Former ambassador talks about Rwanda, rule of law 2016.05.11


The Rwandan genocide of 1994 was quick and brutal and every bit as horrible as portrayed in the movie "Hotel Rwanda."

Take it from David Rawson because he was there.

Rawson spoke May 1 at the Fayette Opera House for the annual "Law Day" program. The former U.S. Ambassador to Rwanda discussed the importance of the rule of law and how it was absent when the killing got underway.

Rawson presented facets of the rule of law through the words of statesmen, philosophers and leaders of the past, such as Marcus Tullius Cicero who said, "True law is right reason in accord with nature. It's valid for all nations and all times."

St. Thomas Aquinas spoke of law as something for the common good, for all people, adding that promulgation is necessary—people must be aware of the law.

The Magna Carta called for judgment by equals, for credible witnesses, for punishment to fit the crime and for the freedom to leave and then come back again later.

John Adams said that a nation must have a government of laws and not of men, and John Locke pointed out that when law ends, tyranny begins.

In Rwanda it began April 7, 1994. Within 100 days, 800,000 were dead—often killed with machetes and knives—and tens of thousands more perished from cholera that spread among the 2.5 million refugees who fled into neighboring countries.

One-tenth of the population was wiped out.

"I told the Rwandan leaders, 'I'm here to help your people find peace,'" Rawson said. "I clearly failed at that mission."

The rule of law was weak in Rwanda before the genocide. The country was ruled by a man—the President who controlled justice—rather than rule by the nation.

The killing took place in the context of a civil war, Rawson said, pushed by social differences. The action was triggered by the assassination of the President, and buoyed by a great fear about what the other side would do if it got into power.

"People would join in the killing because everyone else was doing it," Rawson explained. "Sometimes they were hoping to take over a neighbor's house."

There was a failure of international agencies to respond quickly.

"One side won," Rawson said. "That's what stopped it. Not intervention."

But a killing of that magnitude? How could it possibly happen?

A weak legal system, arbitrary justice, and continual demeaning of people through hate radio—those were the forces at play.

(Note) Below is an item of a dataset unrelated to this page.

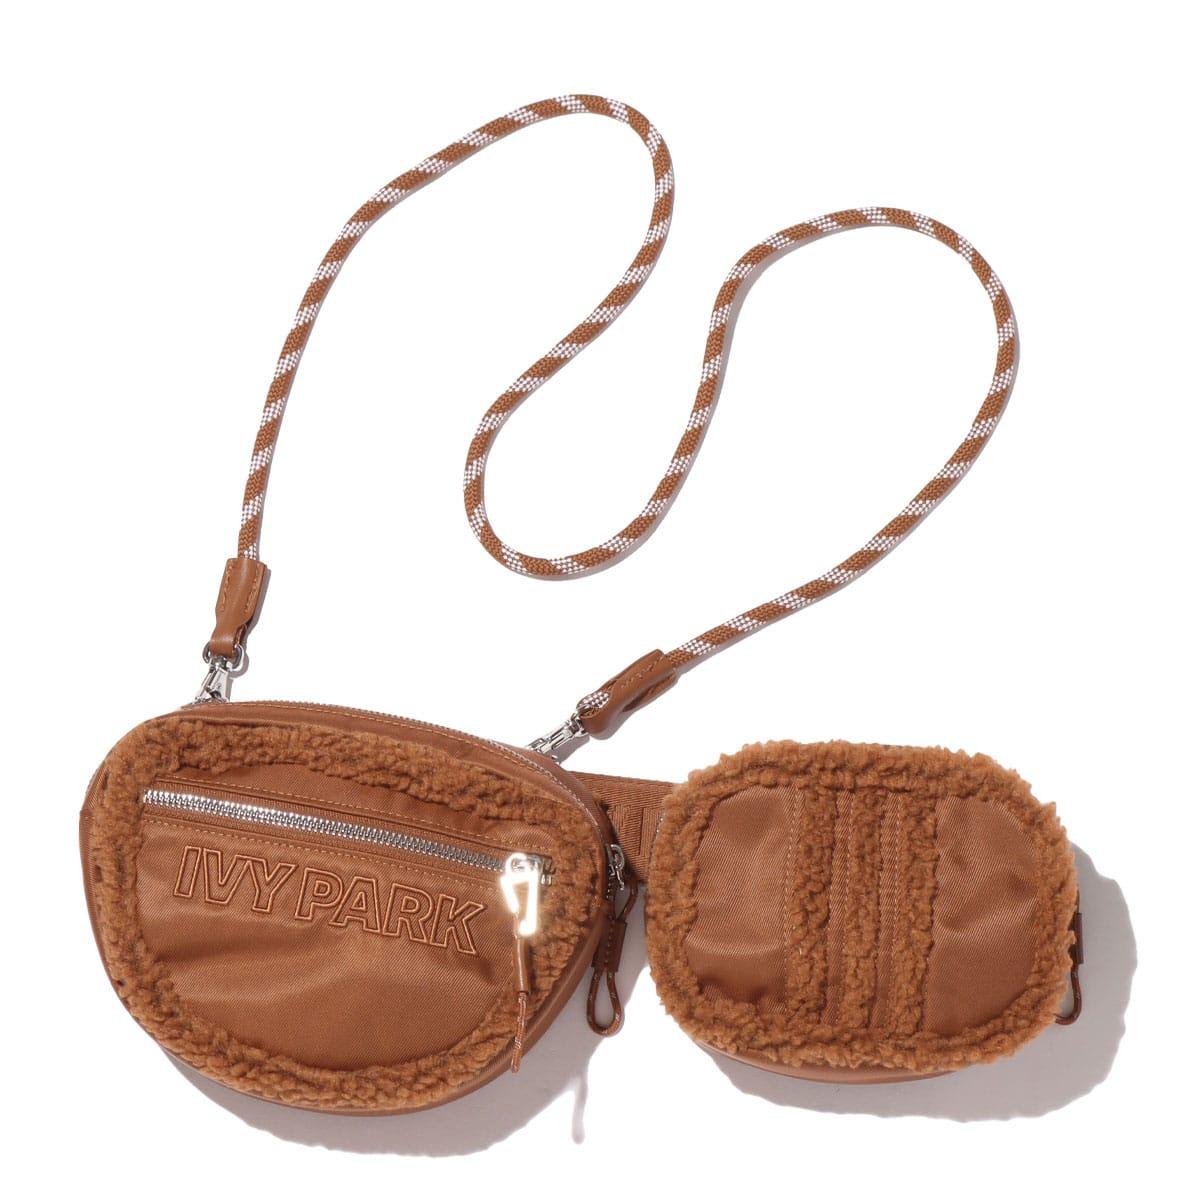 adidas IVP Sh Belt Bag ワイルドブラウン 21SS-S_photo_large

"When you constantly belittle people, they become less than you," Rawson explained.

It enables a person to kill and to take property.

International forces left Rwanda as the violence intensified, Rawson said. He thinks it could have been stopped if instead the international presence had been reinforced.

United Nations bureaucracy is too slow to get decisive action, he said, and the genocide had ended by the time action was decided.

"We should give credit to the U.N. for doing some things well," Rawson said, "but it is difficult at times. It's only made up of states and some states don't want to do anything."

During an extensive question-and-answer session, Rawson was asked if non-military options exist.

"Yes," he answered, "but once the fighting has broken out, you have to be willing to say, 'Don't do that,' and if they continue, you have to be willing to take them out."

If that action isn't taken, the situation can slip into the chaos experienced in Rwanda where ordinary people turned into mass killers.

Dr. David Rawson's presentation was preceded by short talks from three high school students.

• Bella Heilner from Morenci spoke about the natural resources of the Bean Creek Valley that influenced settlement in the area. Water resources, in particular, were important to the development of communities. As glaciers melted following the last Ice Age, the vast Mich-Ind-Oh aquifer formed beneath the region and now furnishes water to nearly two dozen communities.

Those natural resources must be protected, Heilner said, and citizens should remain vigilant in guarding them.

“Often times,” she said, “we do not know what we have until it is gone.”

• Ellen Baker from Fayette described the Steinem-Nyce Series that originated in 2013 in honor of two influential men in the community, Bill Steinem and Dr. Robert Nyce.

"[Steinem] was a pretty quiet man," Baker said, "but he definitely stood up for what he believed in and took action when necessary."

Dr. Nyce moved to Fayette after completing medical school and served as the community's family physician for many years.

"These two men were very different in their character," Baker said. "They also had different views on several different issues, but they both held similar values and definitely had a great respect for each other. They both made lasting contributions to their community and they will be remembered by many."

• Wauseon student Lacotus Spiess-Ebersole said, "The Chinese philosopher Lao Tzu once said the journey of a thousand miles begins with a single step. Dr. Rawson started that trip just north of here in Addison, Mich., the headwaters of the Bean Creek valley."

He pointed out that a person could look up Dr. Rawson's name and quickly discover that he's no stranger to being in print.